_Activity_. Repeat every record exactly, but omit the images.

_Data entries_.
• • •
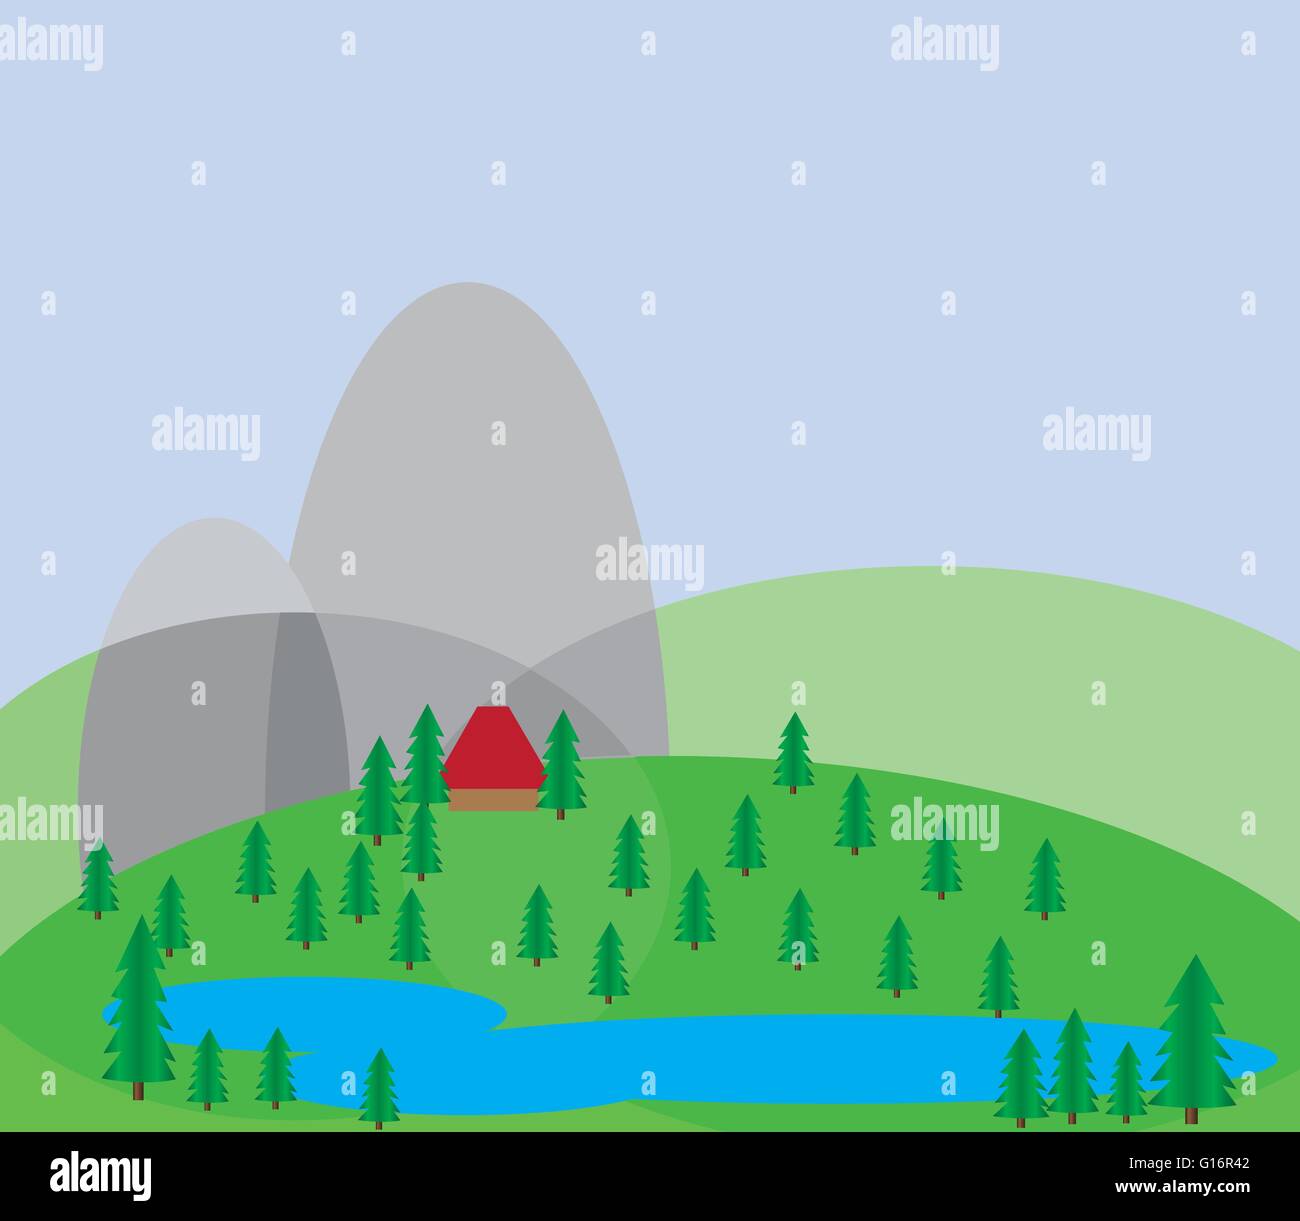 Vert des arbres croissant sur les collines d'argent sur un fond bleu et une petite maison rouge à proximité d'un lac bleu. Vecteur de fond numérique mauvais Illustration de Vecteur
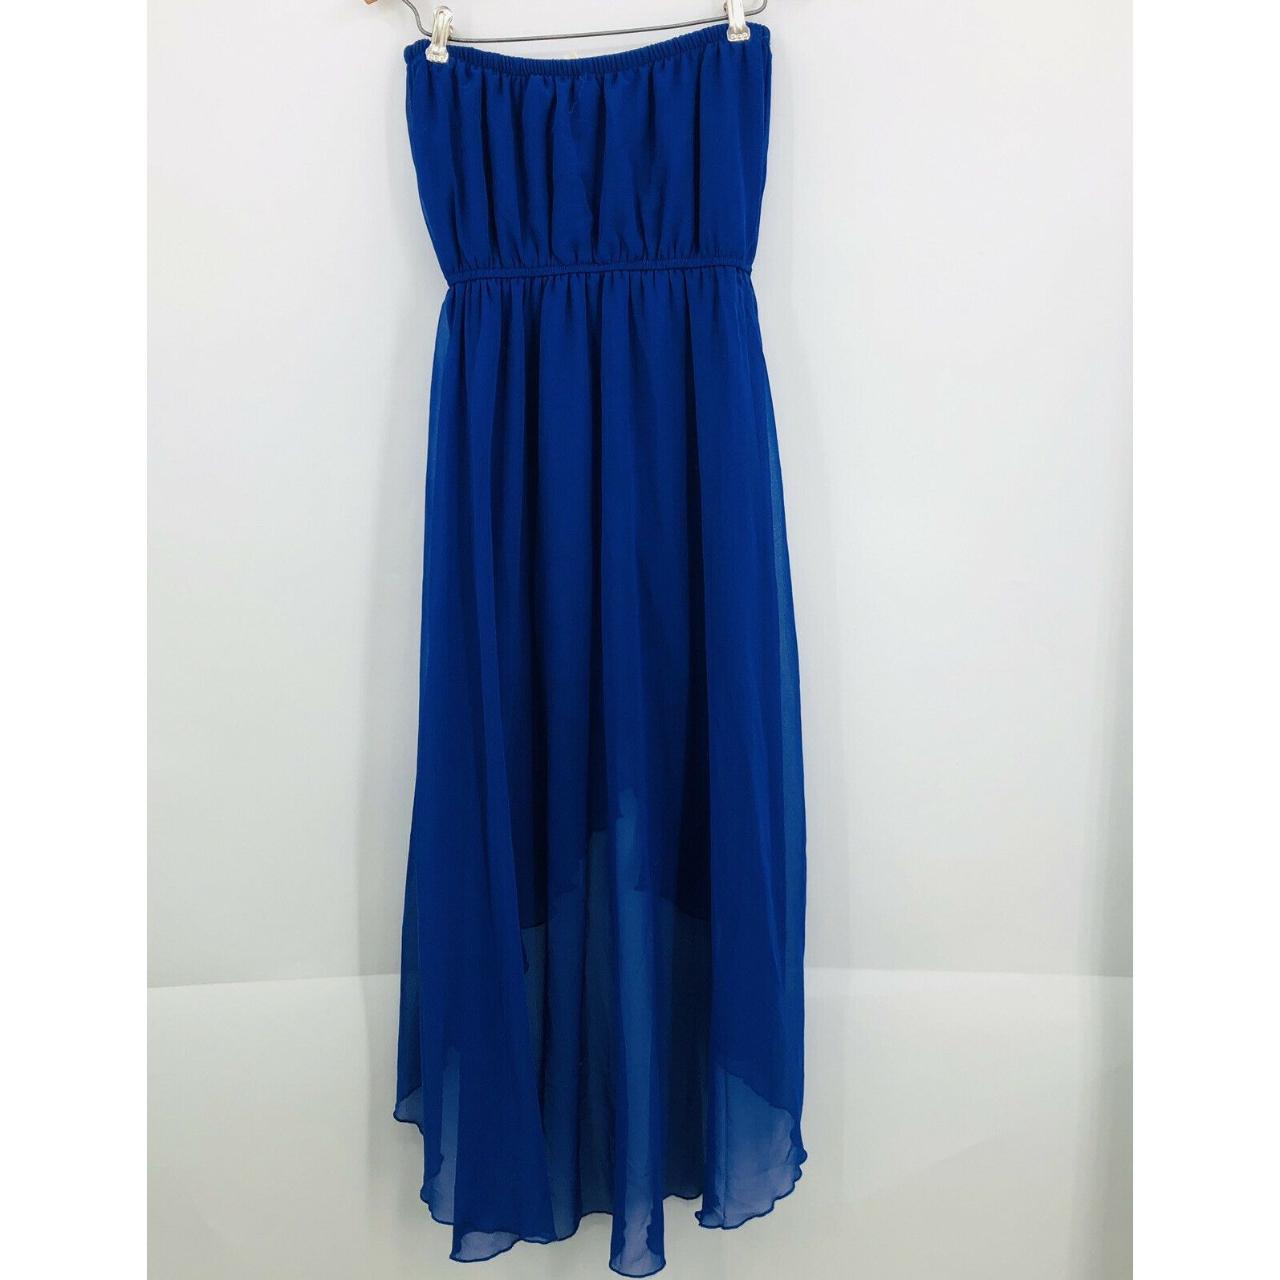 Product Image 2 - PARADISE Strapless Blue Dress 

Hi
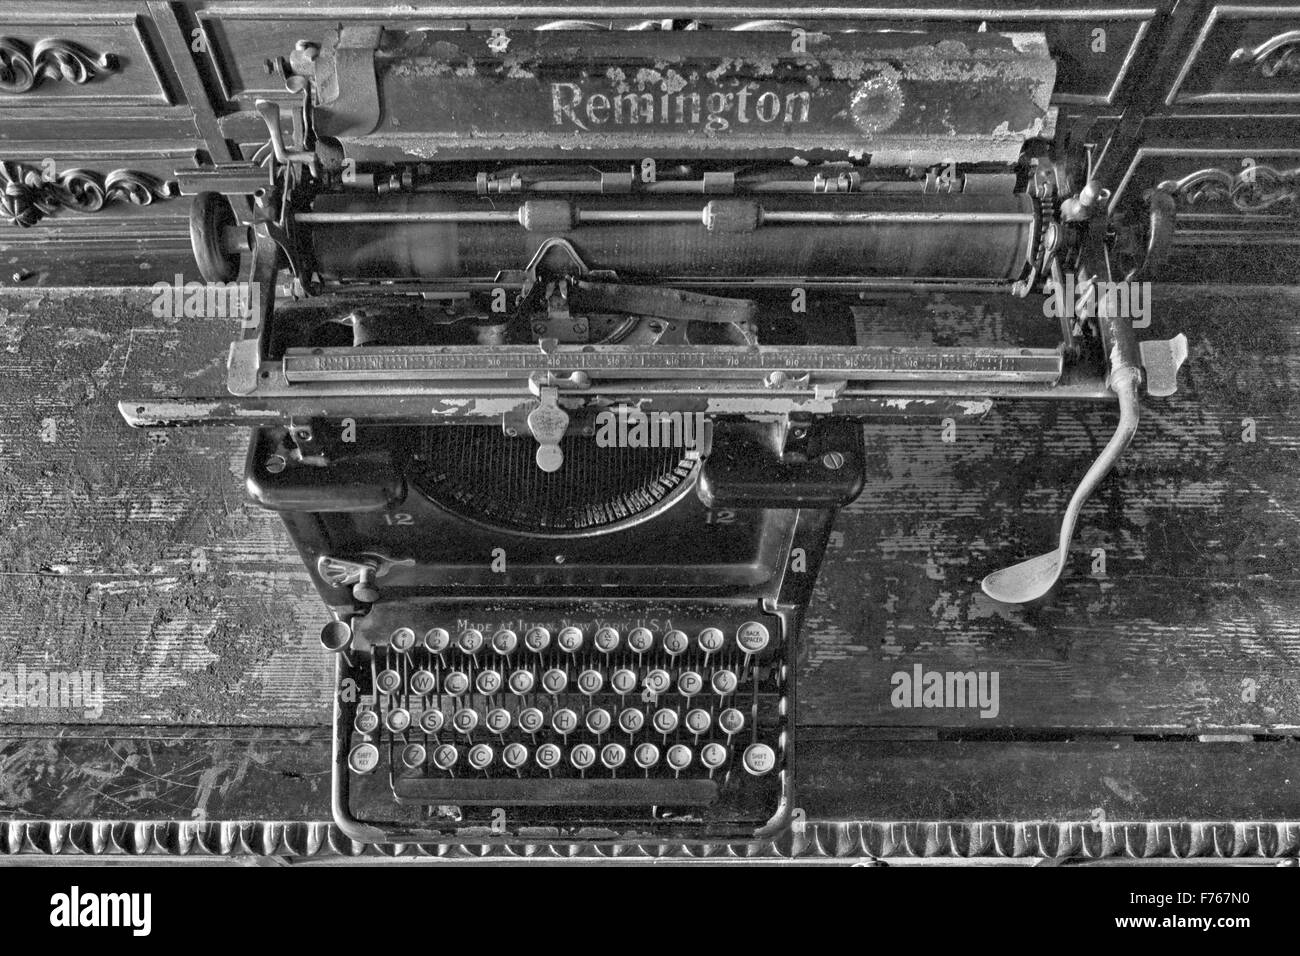 Remington typewriter, old Remington typewriter, vintage Remington typewriter, antique Remington typewriter, Stock Photo
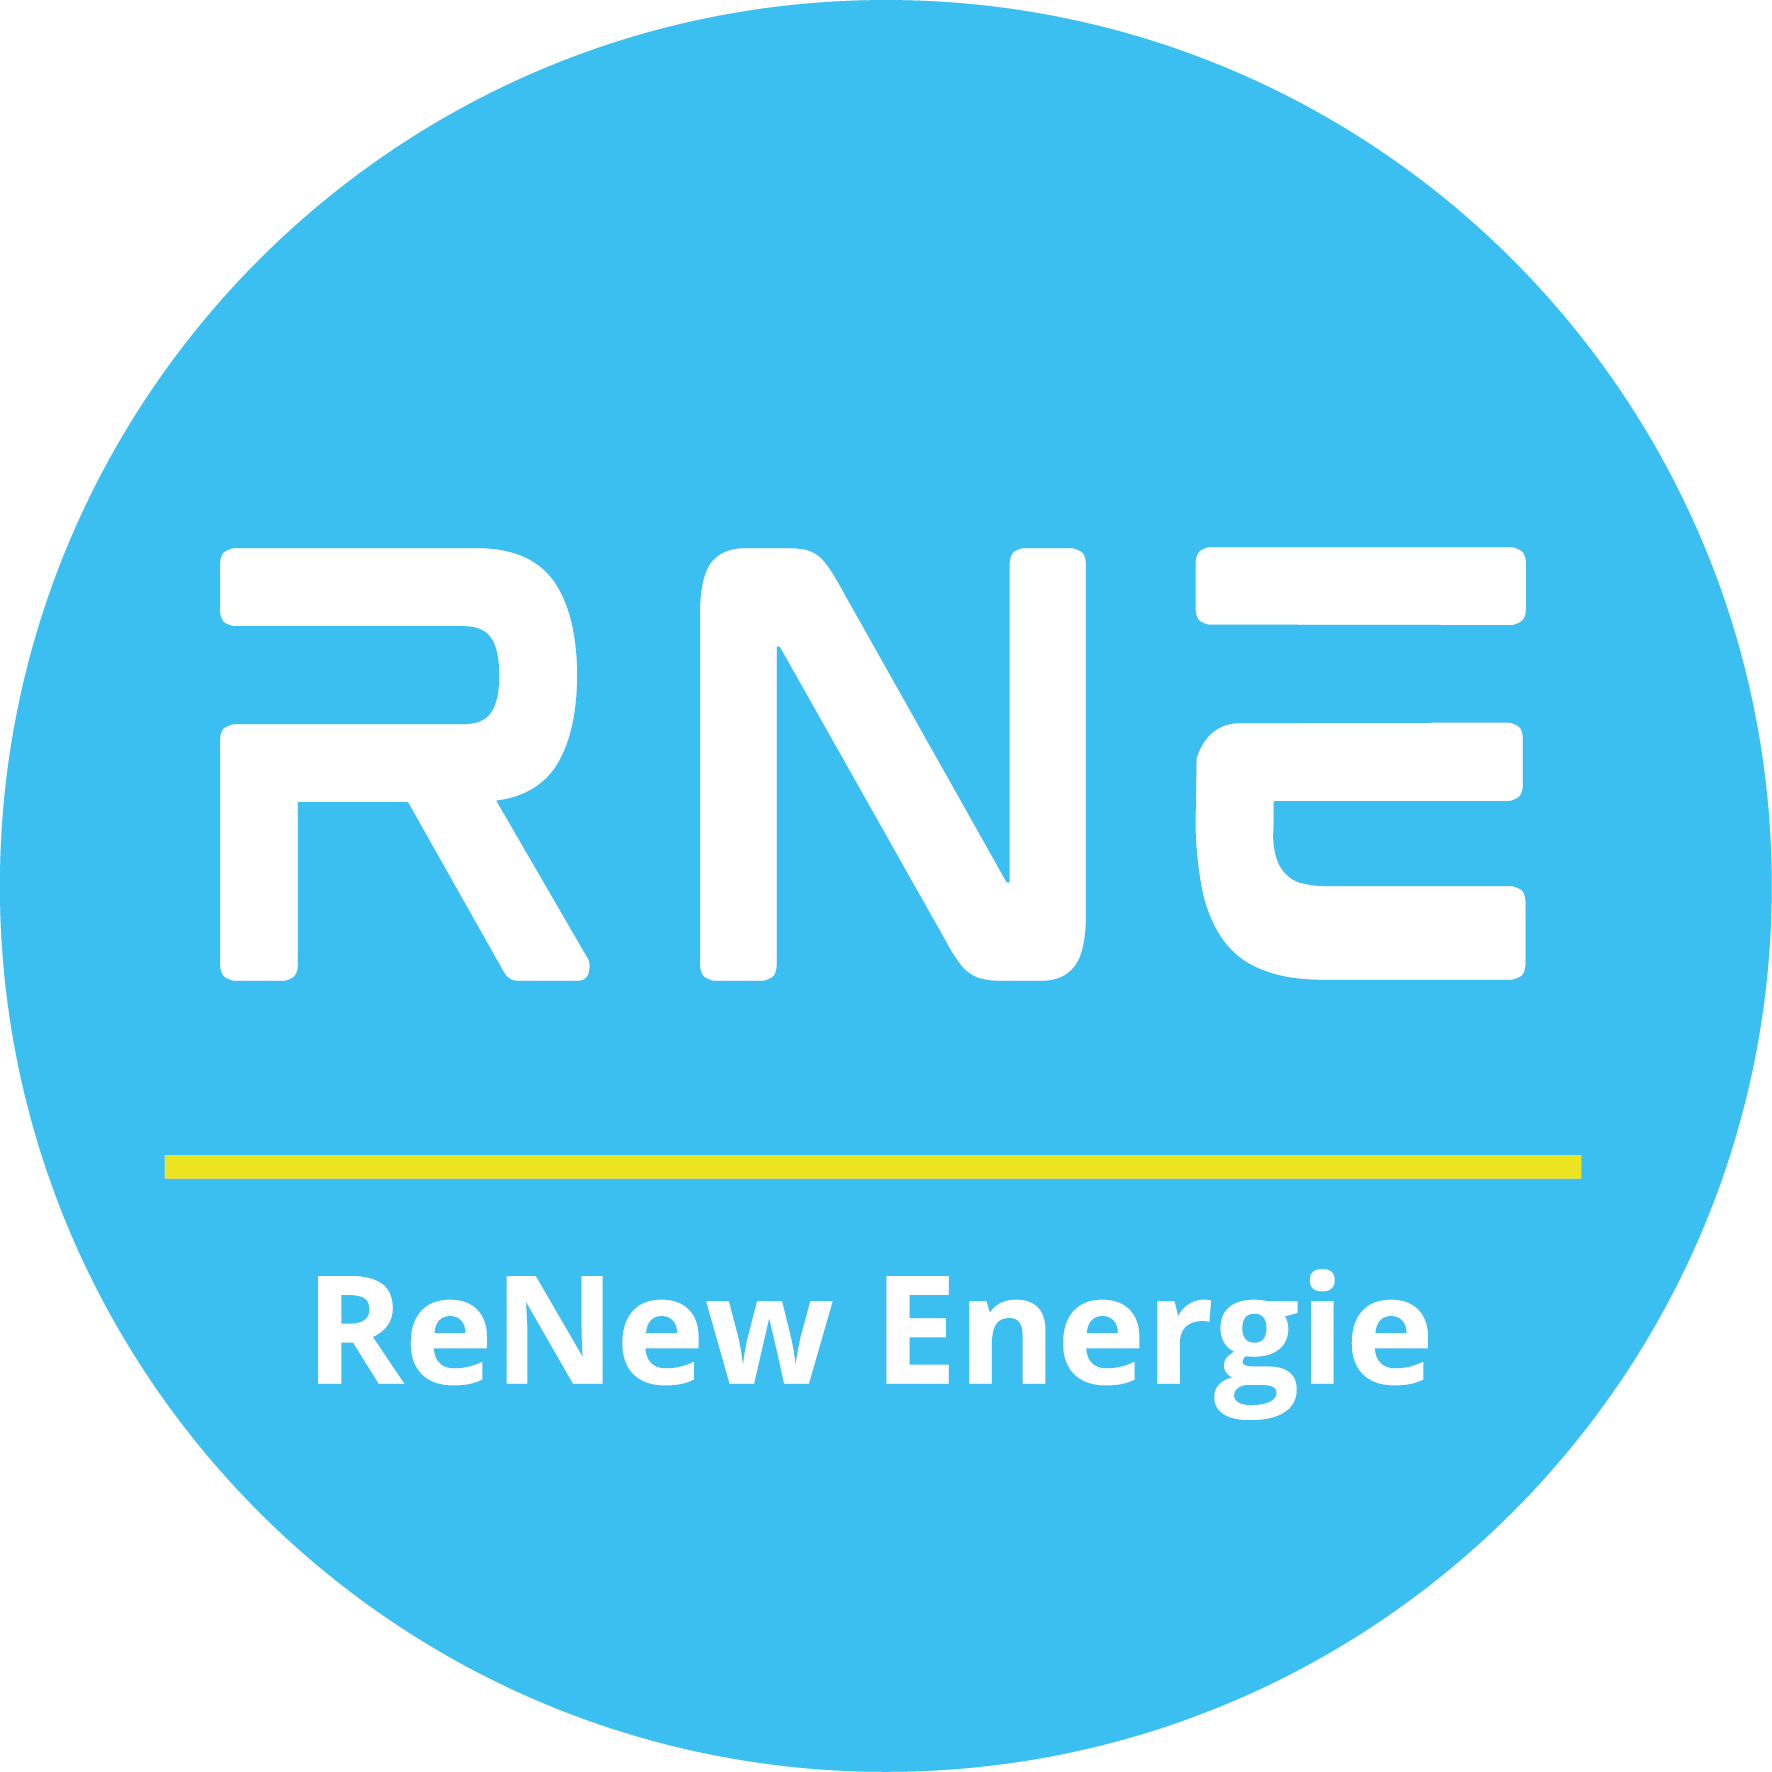 RNE – ReNew Energie
• • •
_Result below_.
 Vert des arbres croissant sur les collines d'argent sur un fond bleu et une petite maison rouge à proximité d'un lac bleu. Vecteur de fond numérique mauvais Illustration de Vecteur
 Product Image 2 - PARADISE Strapless Blue Dress 

Hi
 Remington typewriter, old Remington typewriter, vintage Remington typewriter, antique Remington typewriter, Stock Photo
 RNE – ReNew Energie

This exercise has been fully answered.